An example of tone-deaf policymaking is the proposal to set up a “high-powered committee” to examine the consequences of “fast population growth and demographic changes”.

This seems to be an ideological exercise, like the promotion of traditional agriculture, because India’s fertility rate at two births per woman is less than the replacement level of 2.1. The population is growing because of momentum, not because of high fertility.

Optics aside, the government continues to boost the economy with high capital expenditure. Spending on this account this year was ₹50,000 crore less than the budget estimates. As a share of total expenditure, it was 21% — one percent less than the budget estimates. This year’s capital expenditure was 28% more than in 2022-23. Next year’s will see a jump of 17% to ₹11,11,111 crore. If there is a numerological significance to this number, the finance minister did not disclose it.

Given the emphasis on improving logistics and reducing transportation cost, the Railways get 23% of the central government’s capital expenditure or ₹252,000 crore, for their own capital investment. Another ₹13,000 crore will come from internal and extrabudgetary resources (IEBR). Over the past five years, the capital expenditure of the Railways has grown by 76% and the Central government’s budget support has increased 3.5 times.

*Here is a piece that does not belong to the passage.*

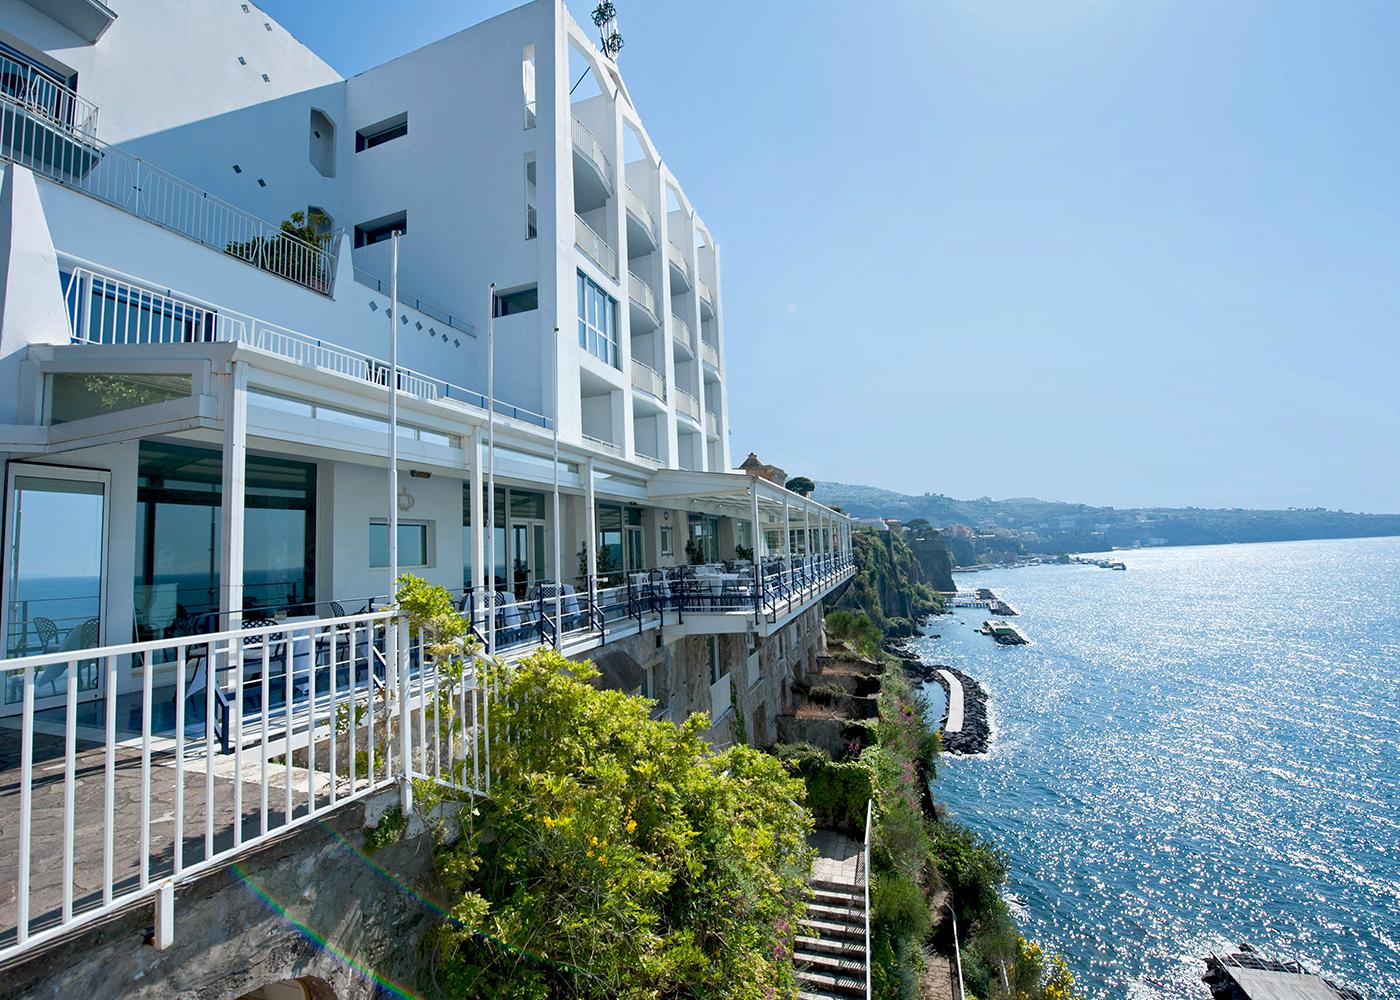 Hotel di lusso a Sorrento a strapiombo sul mare.

Such massive investment should have increased carrying capacity. There should have been a jump in traffic revenues as well. But the performance is satisfactory, not spectacular. The gross traffic receipts from both passengers and goods has risen by about 50% over the past five years. Operating expenses —mainly staff salaries and pensions—consume three-fourths of it. After appropriations for passenger amenities, track renewals and safety measures, little surplus is left. The share of expenses (including appropriations) in receipts has been above 96% over the past five years. This year it is nearly 99%. In fact, it is quite possible that certain items of expenditure have been deferred to show a small surplus. It is very likely that the Railways have suffered an actual loss this year, as in many previous years.

The government’s total receipts have grown by 12.5% over the previous year. The rate of corporation tax growth was lower at 11.7%. Receipts from income tax have shown robust growth of 22.7%.

The outlay on major subsidies for food, fertilisers, petroleum, crop insurance and credit has been reduced by ₹28,600 crore to about ₹418,375 crore. If the conflict in West Asia does not flare up, and the rice and wheat output are not impacted by adverse weather, these figures might hold.

The finance minister has said Nano DAP, a plant nutrient, will be promoted after the “successful adoption” of nano urea. Nano urea is manufactured by Iffco, a fertiliser cooperative. It is a foliar spray, unlike urea, which is applied to the soil. The company says that, against two bags of urea (of 45 kg each) per acre of wheat or rice, just one bag is required if one litre of nano urea is sprayed.

But a study done by Punjab Agricultural University on its own experimental plots and at 17 Krishi Vigyan Kendras showed 15-20% reduction in yield, and a similar reduction in protein content when nano urea was sprayed as recommended on rice and wheat. Studies done by the Indian Agricultural Research Institute (IARI), Delhi showed a “significant decline in yield” when the cooperative’s recommendation was followed.

When 75% percent of the recommended nitrogen in urea form was applied, along with one litre of urea per acre, the yields were maintained. But nano urea is 4% nitrogen compared to urea’s nitrogen content of 46%. An IARI scientist I spoke to thinks the plants are compensating by drawing nitrogen stored in soil and over time soil will be depleted of the nutrient. But the government is promoting nano urea because it is not subsidized.

In Haryana, farmers have protested against the thrusting of nano urea on them by fertiliser dealers who do not sell urea unless nano urea is bought. In the quest to reduce the fertiliser subsidy the government seems to be playing with food security.

Vivian Fernandes

He is senior journalist and columnist for several reputed publication. He was formerly with CNBC-Network18 and specializes in the agriculture sector and economy. He has written more 450 articles on agriculture alone.